100 Tras Street, #01-09 Icon Village, Singapore 079027
Tel: 6604 9622
Under the recommendation of fellow foodies, we decided to visit (revisit, for some of them) The Public Izakaya by Hachi @ Icon Village for dinner and drinks. Izakaya, by the way, refers to an informal Japanese gastropub, like the equivalence of an Irish pub- where drinks and light bites are being served, so patrons could unwind after work.
Established since 2003 in Singapore, The Public Izakaya uses quality ingredients to re-create the dining experience of an Izakaya in the heart of Tokyo, bringing us right down to Japan without getting on a plane. The vibes were also imprinted on their décor- think lots of bamboo columns with long, low tables. Service was efficient and courteous, resulting to a good start for our dining experience.
We started with some Calpico Lime Juice, Suntory Kakubin Highball, Red Wine, Umeshu and some Yuzu liqueur, to unwind, which is the main purpose of an Izakaya dining, right?
For food, we started with Tori Karaage (SGD$11.00) - crispy chunks of fried chicken, soy-marinated. Loved how they resembled fried chicken balls! After going through the crackling exterior, the interior was surprisingly tender; best if a light drizzle of fresh lemon juice was added to give it a zesty tinge.
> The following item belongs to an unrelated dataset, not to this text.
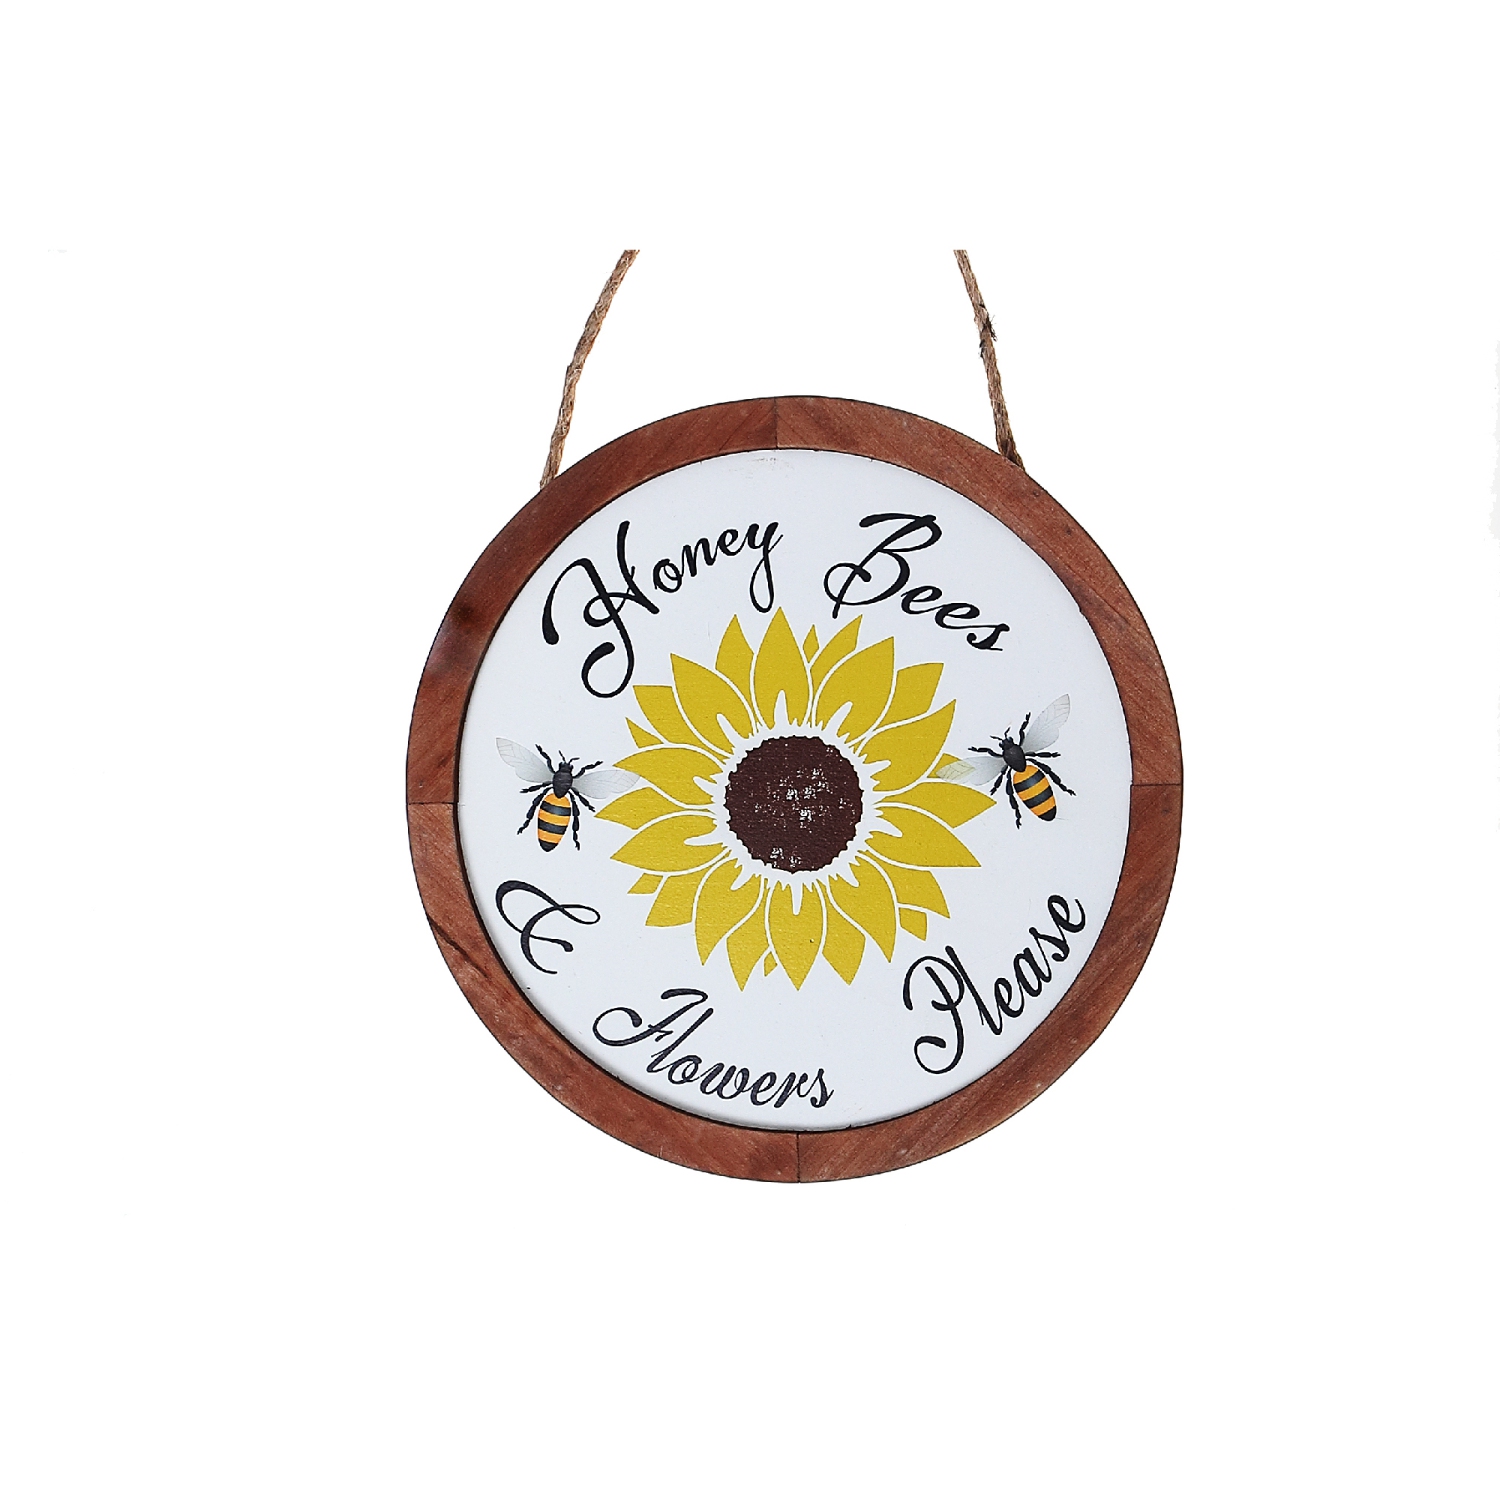 Maison Concepts Framed Round Wood Sign Honey Bees & Flowers Please

Next, Reba Shoyuzuke (SGD$8.00) - chilled chicken liver marinated in sesame oil and served in light soy sauce with spring onion garnishing. Satin-textured, with a dull, sweet flavour that melted deliciously on the tongue, like a paste; it was tempting to call out "more, more" if not for high level of cholesterol.
Tebasaki Nikomi no Aburi (SGD$7.00) - grilled chicken mid-wings with a sweet soy glaze on its crispy skin and smokey hints; I enjoyed the flavour.
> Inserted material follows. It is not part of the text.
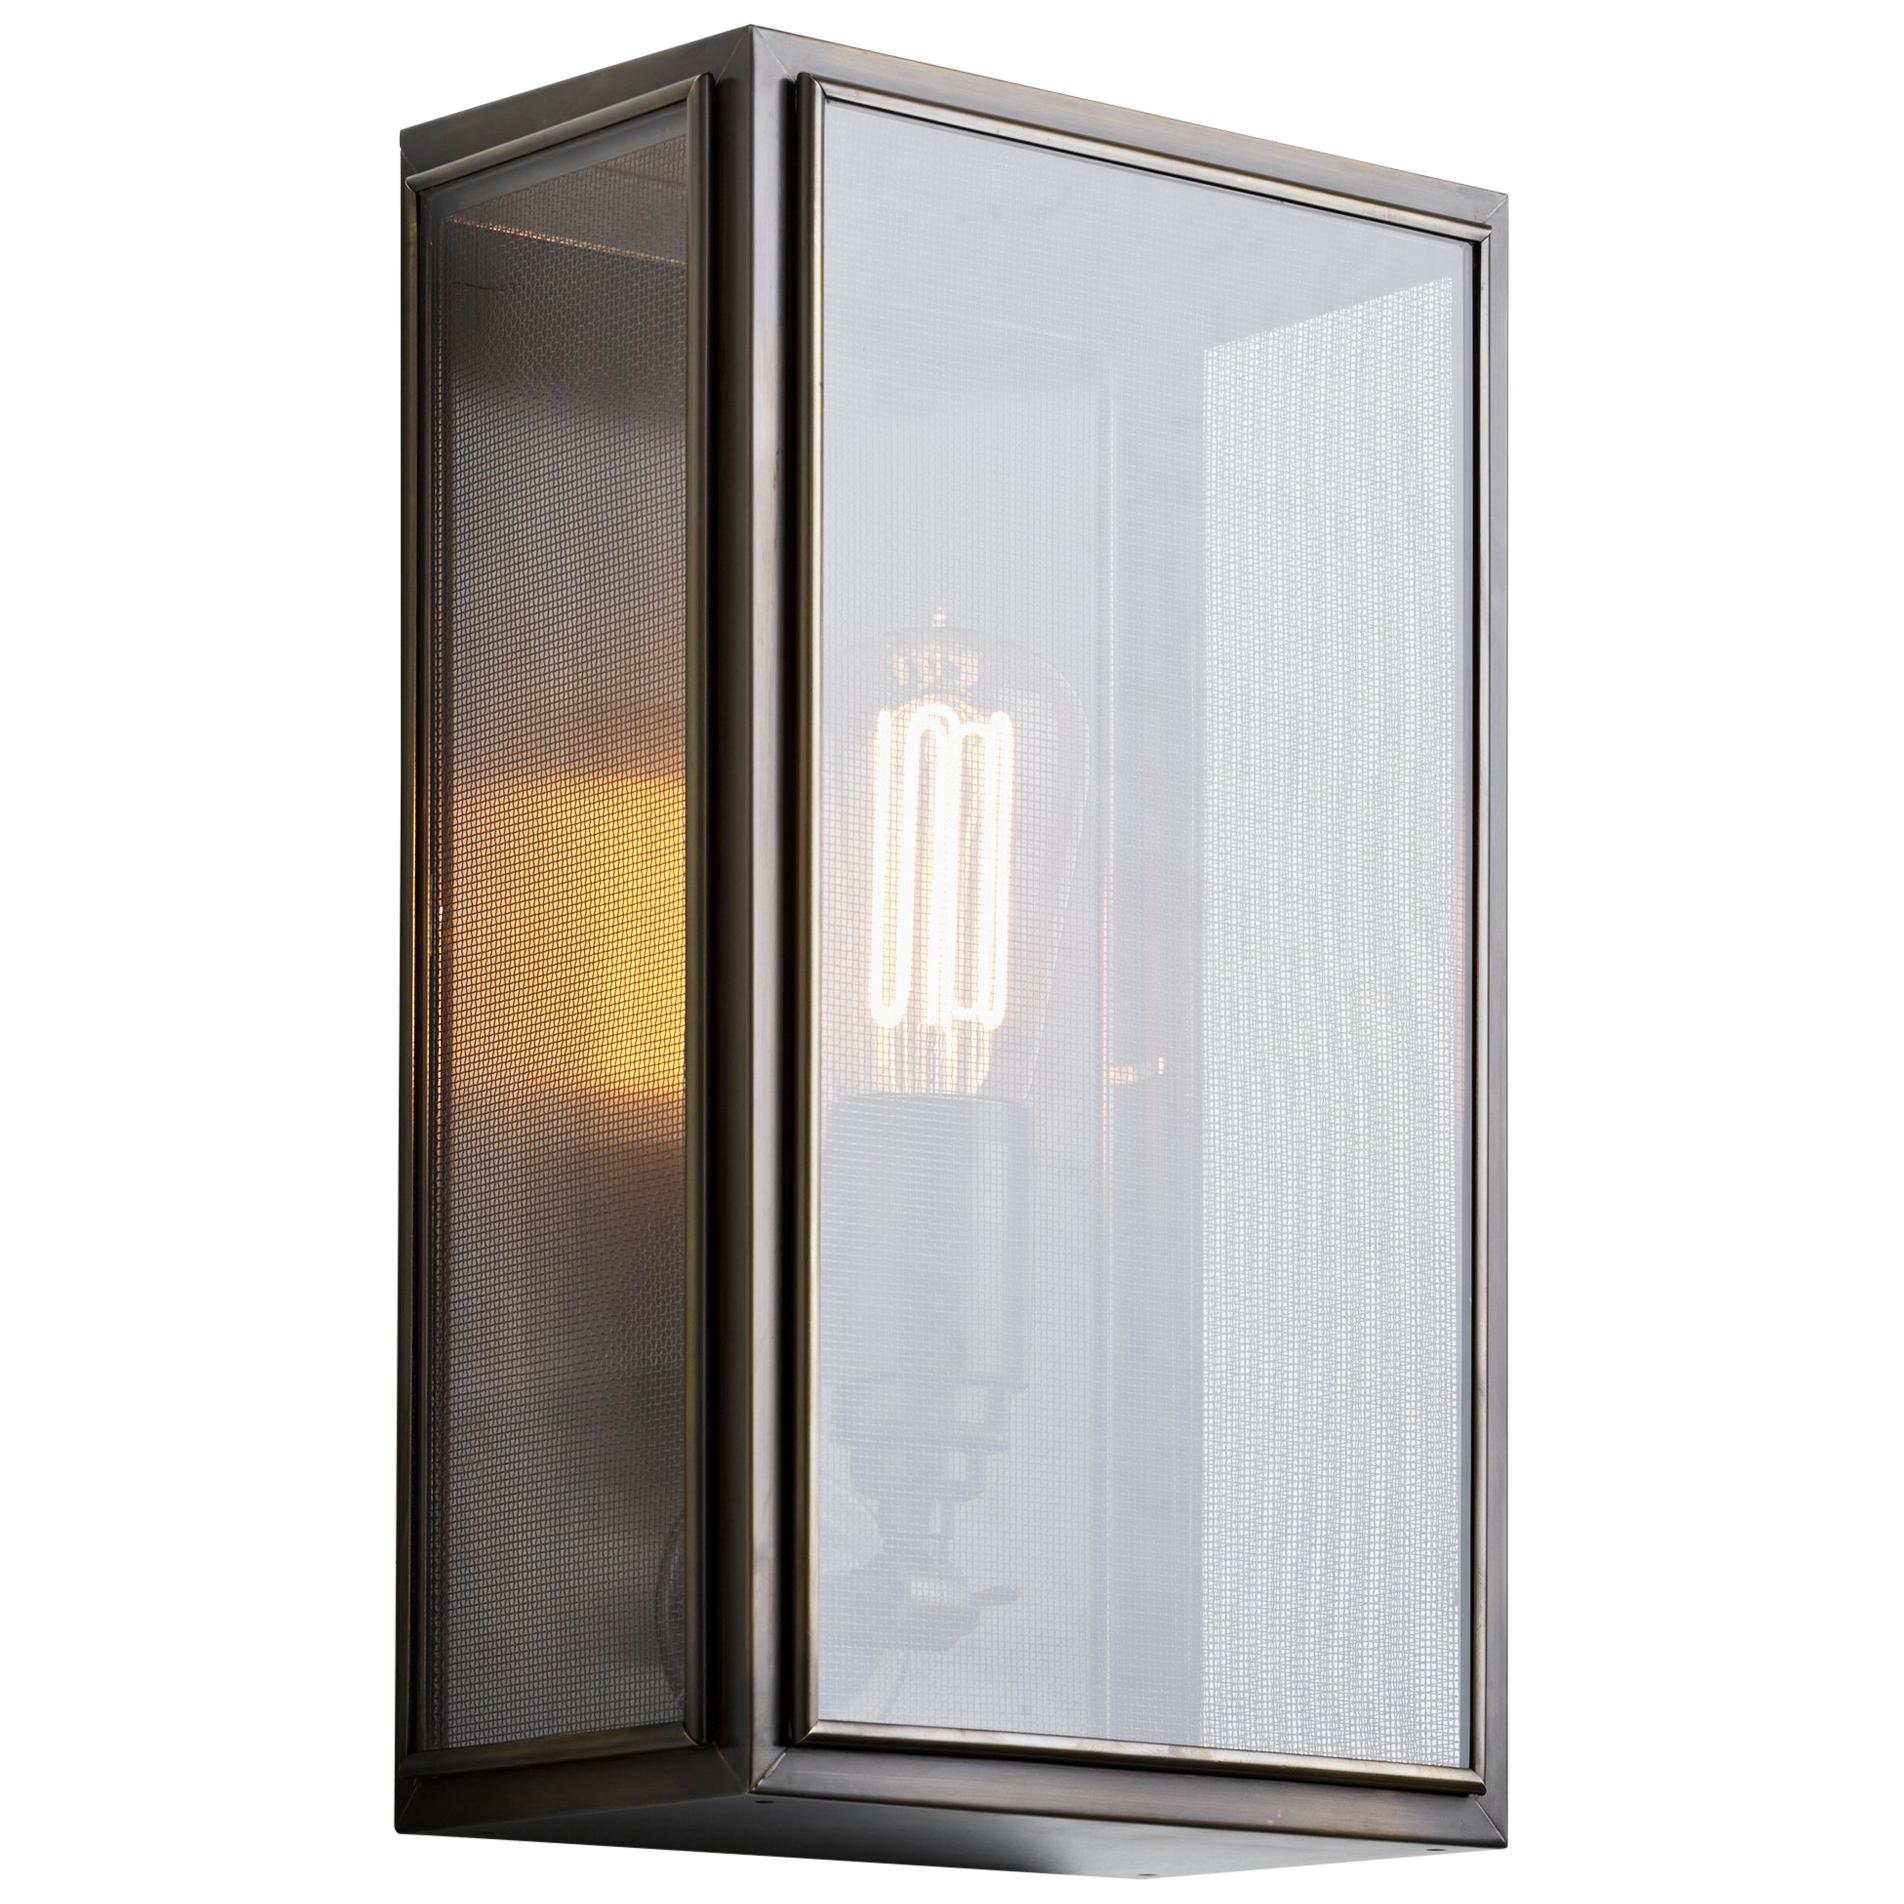 Tekna Essex Gauze-C Wall Light with Dark Bronze Finish and Clear Glass

Following that, it was Buta Kakuni (SGD$14.00) - slow-simmered Iberico pork belly served with wobbly soft-boiled egg, garnished with spring onions and onion slivers. Tender, well-moistened pork belly was fatty and smooth in texture, robust in its savoury flavour, and paired well with the egg.
Then we had Wagyu Beef Rosu (SGD$32.00) - charcoal-grilled wagyu beef served with spring onions and a nectarous vine tomato. The Wagyu Beef was so succulent and juicy, each slice seemed to glide down the throat like a foodie's dream, working its delicious smokey-tinged sweetness around the palate.
Kawa Ebiage (SGD$9.00) - deep-fried crispy mini river shrimps so cracklingly good, the shells could be eaten together too! Lightly sprinkled with salt to add flavours, you might like an added citrusy kick by squeezing the lemon over these crispy delicacies too. We couldn't help reaching for them all the time; it was addictive.
Moving on, it was Tako Wasabi (SGD$6.00) - octopus chinmi marinated with wasabi, served cold. Think slimy, silken-smooth and yet springy in texture, squishing its juiciness under every crunch of the teeth, simply fun to munch on.
The Hotaru Ika Okizuke (SGD$7.00) - marinated firefly squid, bored uncanny characteristics to the chilled marinated octopus above, just that it is softer instead of bouncy, and sweeter in taste; undeniably good as well.
We also had some Nama Kaki (SGD$6.00 per slice) - fresh raw oysters garnished with spring onions, grated daikon radish with chili, served with ponzu sauce on the side. Oysters were fleshy and luscious, every morsel stroked the tongue into a beautiful frenzy of flavours.
I could not get over the interesting Gyoza Croquette (SGD$9.00) - literally a deep-fried golden crumbly batter replacing the conventional gyoza skin, stuffed with minced pork, spring onions and cabbage shreds. The creation was a success as every mouthful was filled scrumptiously with an assortment of textures and tastes.
What we had next was Kiritanpo Misoyaki (SGD$6.00) - which requires a 20-minute preparation time - Hokkaido Yumepirika rice mashed on a stick and grilled with miso glaze. A deceptively unattractive appearance and description gave way to a compilation of crunch, smokiness, chewiness of the rice and umani sweetness of miso sank in.
Then the Maguro no Kama (SGD$25.00) - charcoal-grilled tuna cheek, a dish requiring 30 minutes' preparation. A cut of real Bluefin tuna containing toro quality meat within, charred and crispy on the exterior, yet moistened and succulent within, flaking off readily for the taking.
Finally, a piping hot bowl of Original Tonkotsu Ramen (SGD$9.00 for half / SGD$14.90 for full) - smooth, rich and palatable pork broth with other carefully-selected ingredients such as Hidaka kelp and dried shiitake. Springy strands of ramen noodles, chashu pork slices, seaweed sheet, flavoured egg, spring onions and chili made up this heart-warming Japanese noodle dish.
The dining experience at The Public Izakaya was very delightful from the start to finish, with most of the food surpassing expectations and well-executed.